When Oracle Clusterware starts, if CTSS is running in active mode and the time discrepancy is outside the stepping limit (the limit is 24 hours), then CTSS generates an alert in the alert log, exits, and Oracle Clusterware startup fails. You must manually adjust the time of the nodes joining the cluster to synchronize with the cluster, after which Oracle Clusterware can start and CTSS can manage the time for the nodes.

Clocks on the nodes in the cluster become desynchronized with the reference clock (a time CTSS uses as a basis and is on the first node started in the cluster) periodically for various reasons. When this happens, CTSS performs slew time synchronization, which is to speed up or slow down the system time on the nodes until they are synchronized with the reference system time. In this time synchronization method, CTSS does not adjust time backward, which guarantees monotonic increase of the system time.

When performing slew time synchronization, CTSS never runs time backward to synchronize with the reference clock. CTSS periodically writes alerts to the alert log containing information about how often it adjusts time on nodes to keep them synchronized with the reference clock.

To activate CTSS in your cluster, you must stop and deconfigure the vendor time synchronization service on all nodes in the cluster. CTSS detects when this happens and assumes time management for the cluster.

For example, to deconfigure NTP, you must remove or rename the ntp.conf file.

Similarly, if you want to deactivate CTSS in your cluster, then do the following:

  1. Configure the vendor time synchronization service on all nodes in the cluster. CTSS detects this change and reverts back to observer mode.

  2. Use the crsctl check ctss command to ensure that CTSS is operating in observer mode.

  3. Start the vendor time synchronization service on all nodes in the cluster.

  4. Use the cluvfy comp clocksync -n all command to verify that the vendor time synchronization service is operating.

See Also:

Oracle Grid Infrastructure Installation Guide for your platform for information about configuring NTP for Oracle Clusterware, or disabling it to use CTSS

Changing Network Addresses on Manually Configured Networks

This section contains the following topics:

Understanding When You Must Configure Network Addresses

An Oracle Clusterware configuration requires at least two interfaces:

  • A public network interface, on which users and application servers connect to access data on the database server

  • A private network interface for internode communication.

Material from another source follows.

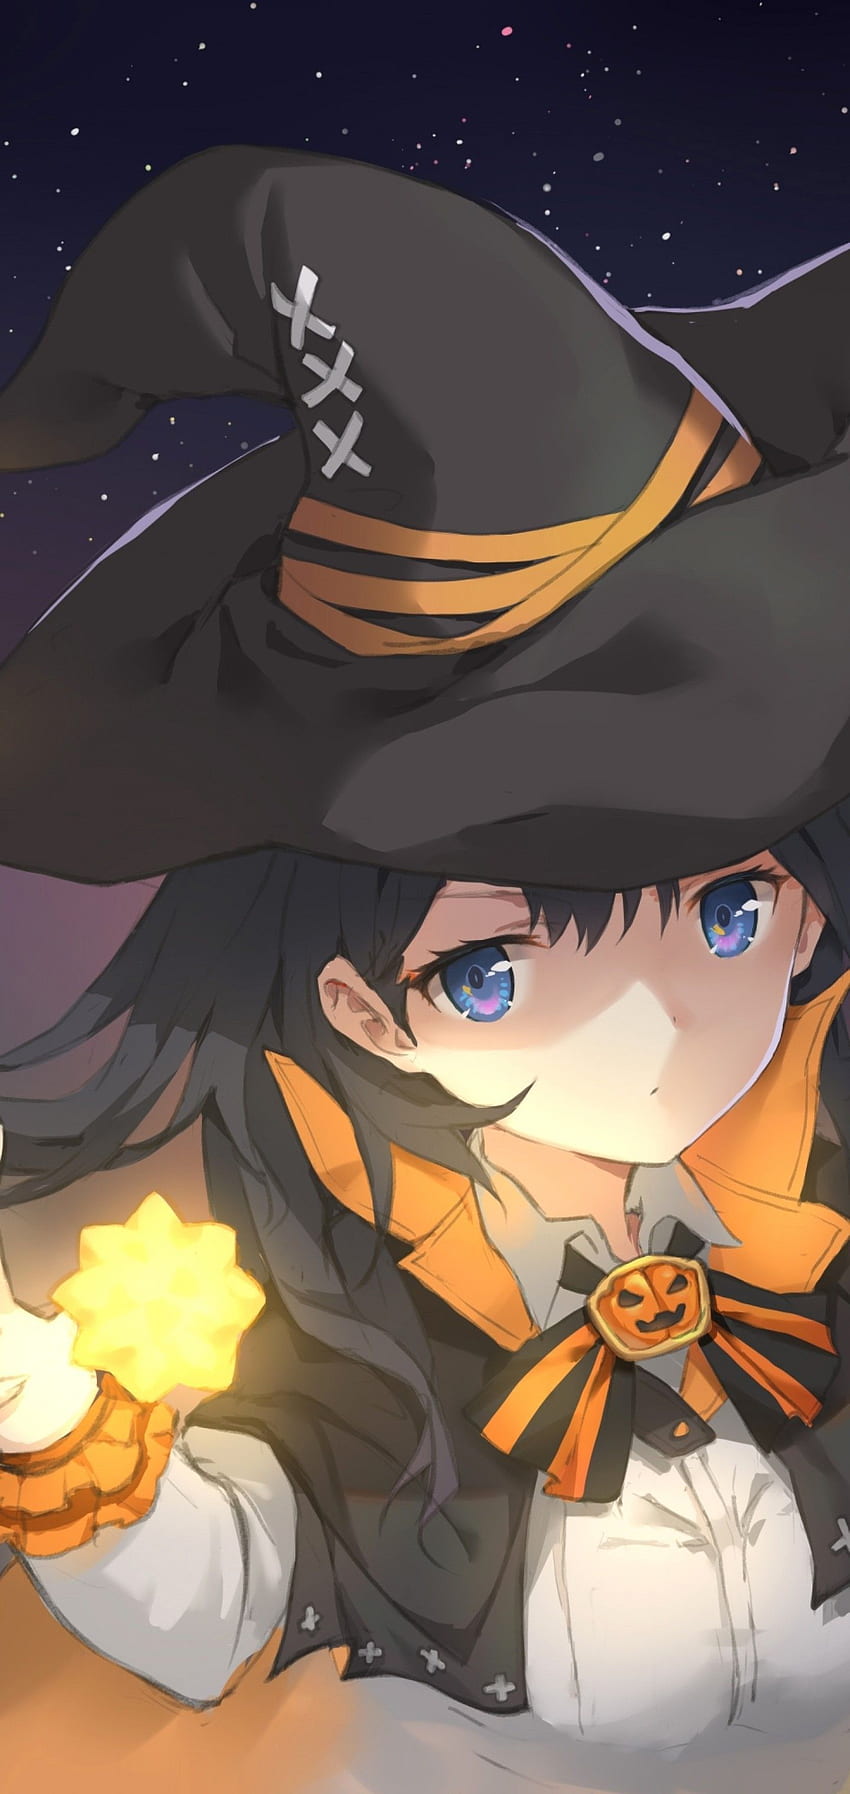 Anime Witch Girl, Halloween, Cape, Stars for Samsung Galaxy S10 Plus HD phone wallpaper

If you use Grid Naming Service and DHCP to manage your network connections, then you may not need to configure address information on the cluster. Using GNS allows public Virtual Internet Protocol (VIP) addresses to be dynamic, DHCP-provided addresses. Clients submit name resolution requests to your network's Domain Name Service (DNS), which forwards the requests to the grid naming service (GNS), managed within the cluster. GNS then resolves these requests to nodes in the cluster.

If you do not use GNS, and instead configure networks manually, then public VIP addresses must be statically configured in the DNS, VIPs must be statically configured in the DNS and hosts file, and private IP addresses require static configuration.

Understanding SCAN Addresses and Client Service Connections

Public network addresses are used to provide services to clients. If your clients are connecting to the Single Client Access Name (SCAN) addresses, then you may need to change public and virtual IP addresses as you add or remove nodes from the cluster, but you do not need to update clients with new cluster addresses.

SCANs function like a cluster alias. However, SCANs are resolved on any node in the cluster, so unlike a VIP address for a node, clients connecting to the SCAN no longer require updated VIP addresses as nodes are added to or removed from the cluster. Because the SCAN addresses resolve to the cluster, rather than to a node address in the cluster, nodes can be added to or removed from the cluster without affecting the SCAN address configuration.

The SCAN is a fully qualified name (host name+domain) that is configured to resolve to all the addresses allocated for the SCAN. The addresses resolve using Round Robin DNS either on the DNS server, or within the cluster in a GNS configuration. SCAN listeners can run on any node in the cluster. SCANs provide location independence for the databases, so that client configuration does not have to depend on which nodes run a particular database.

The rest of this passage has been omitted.